Sometimes we have to encourage ourselves! Self talk is powerful and can either propel us or hinder us from fulfilling our destiny. Encourage yourself every day to face your fears, overcome the obstacles which have held you back, and reach for your goals. Just because you have failed does not make you a failure, Amigo. Learn from the pain, and go for the gain. The game is not over.

I hope that you will encourage yourself as well as others. It is like giving water to a thirsty soul, and we are all thirsty.

Shalom!

Daniel Skognes

When Nothing’s Going Right, What’s Left?

Posted in Motivational, Spiritual

We have all had times where it seems like the sky is falling, everything you do is blowing up in your face, and the stress level is off the charts. Ever feel that way? Hopefully you don’t allow yourself to live in the stress zone. Stress is a killer. It will zap your strength and literally can take your life. It can make you focus on the negatives if you let it.

Don’t do that. There is nothing productive with whining, griping, and letting negative thoughts rule your life. When nothing’s going right, what’s left is trusting God. It should not be the last resort to turn to God, but sometimes we ARE trusting God along the way and things STILL blow up in our face. What is up with that? Well, I don’t have a crystal ball and I don’t know why God allows things like that to happen to us, but I still trust Him. I know God has our back even when it seems like there is no hope. He is still there…working for us. If He is for us, who can be against us?

Our feelings often get in the way of our faith. If we don’t “feel” the presence of God, we might think that He has abandoned us. That is a lie from the Devil himself. He wants us to believe that God does not love us and is not there for us. Don’t ever let that thought enter your head.
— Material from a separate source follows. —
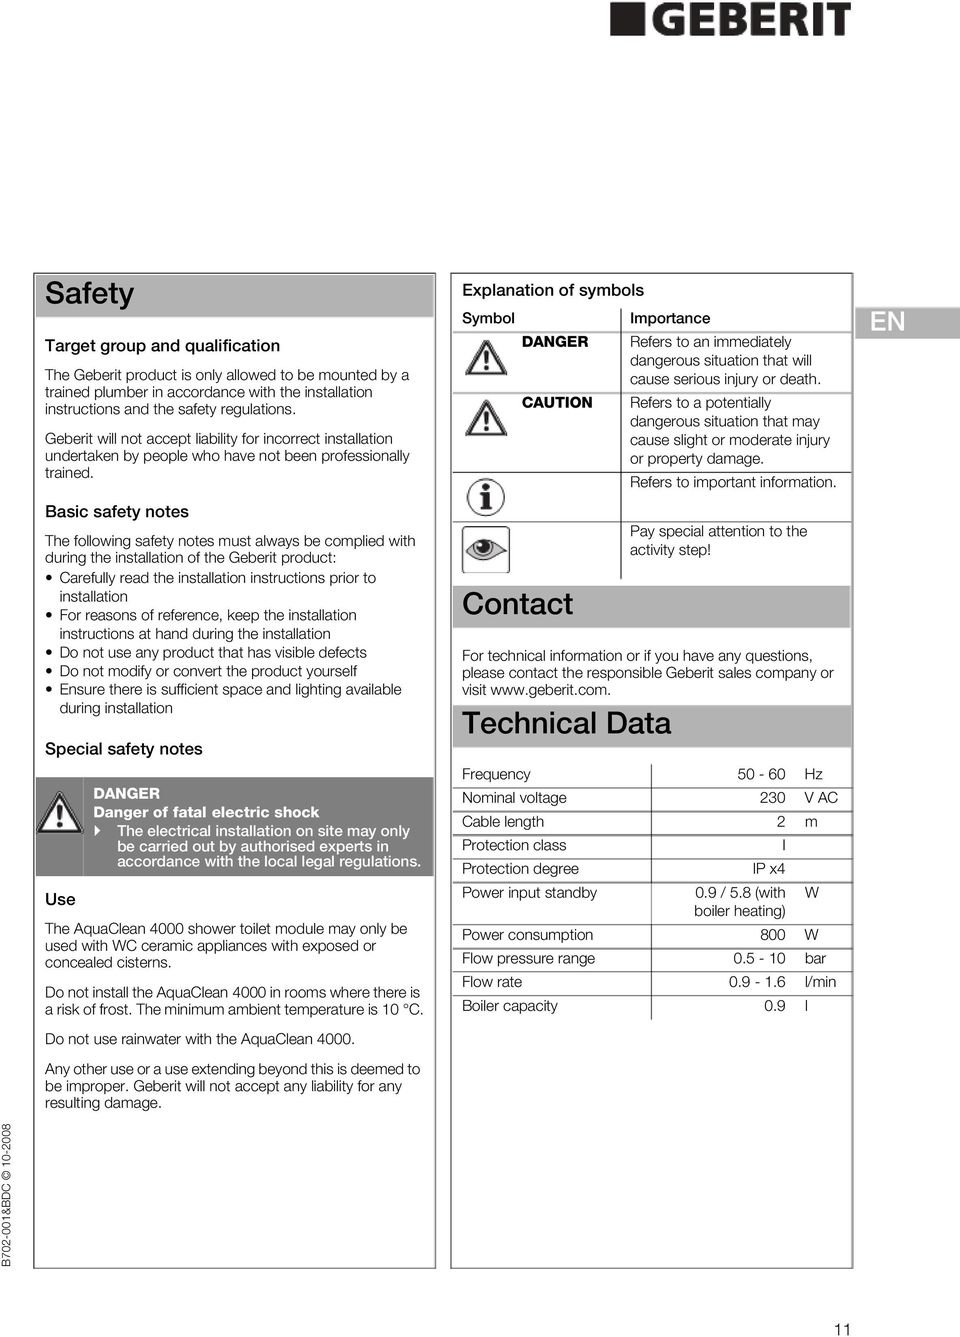 Basic safety notes The following safety notes must always be complied with during the installation of the Geberit product: Carefully read the installation instructions prior to installation For

Life is hard for most people. I believe that we have a choice when we hit the wall in our finances, our relationships, or even in our faith. We can give up or we can get up. Don’t allow feelings to rule your faith. Trust God. Believe in Him and His Word. Surround yourself with positive God-fearing people. Pray…pray…pray. Praise God in the storm. Let Him help you navigate your way.
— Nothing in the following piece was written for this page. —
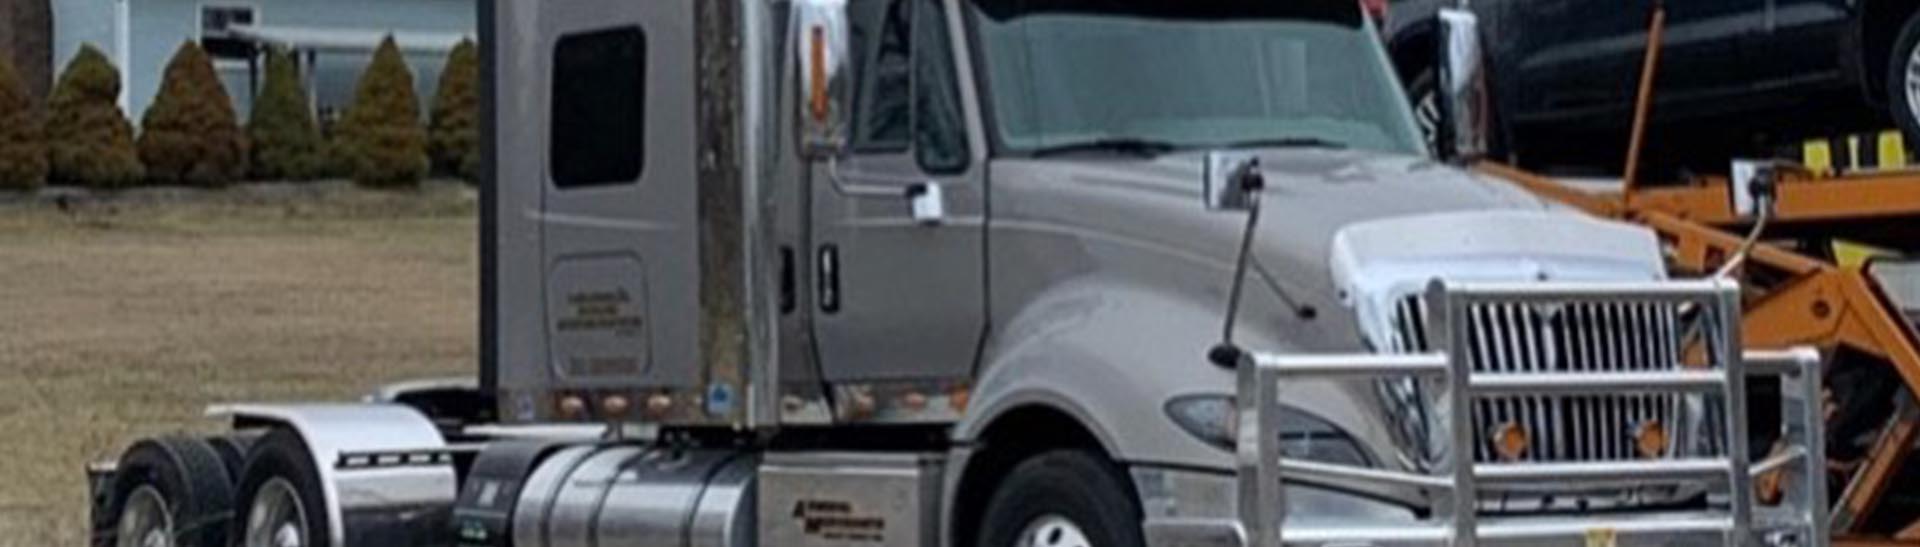 Cincinnati Trucking Company, Trucking Services and Freight Forwarding Services

Proverbs 3:5-6 says: Trust in the Lord with ALL your heart. Lean not on your own understanding. In ALL your ways acknowledge Him, and He WILL direct your paths.

Remember the lyrics from the song Waymaker: “Waymaker, miracle worker, promise keeper, light in the darkness. My God…that is who YOU ARE!

Believe it, receive it, then live it.

Shalom!

Dan Skognes

The Good That Came Out Of Amber Guyger’s Trial

Posted in Motivational, Relationships, Spiritual

The jury was only out for a short time before the verdict came down: Murder. The jury only took a short time to come to sentencing: 10 years. This verdict not only surprised most of us but it angered many who felt like justice was not served. People were already trying to stir up the public with the injustice that they felt they had witnessed.

Here is the miracle that unfolded before our eyes: Brandt, the brother of Botham Jean got on the witness stand to talk to Amber about the victim’s impact. He looked Amber Guyger in the eye and told her that he forgave her and only wished her well. He did not even want her to go to jail. He wanted her to know that the love of Christ was there for her, and he loved her as he did anyone. He then asked the judge if he could hug Amber Guyger. She said he could, and it was incredible! The two of them embraced and the tears flowed.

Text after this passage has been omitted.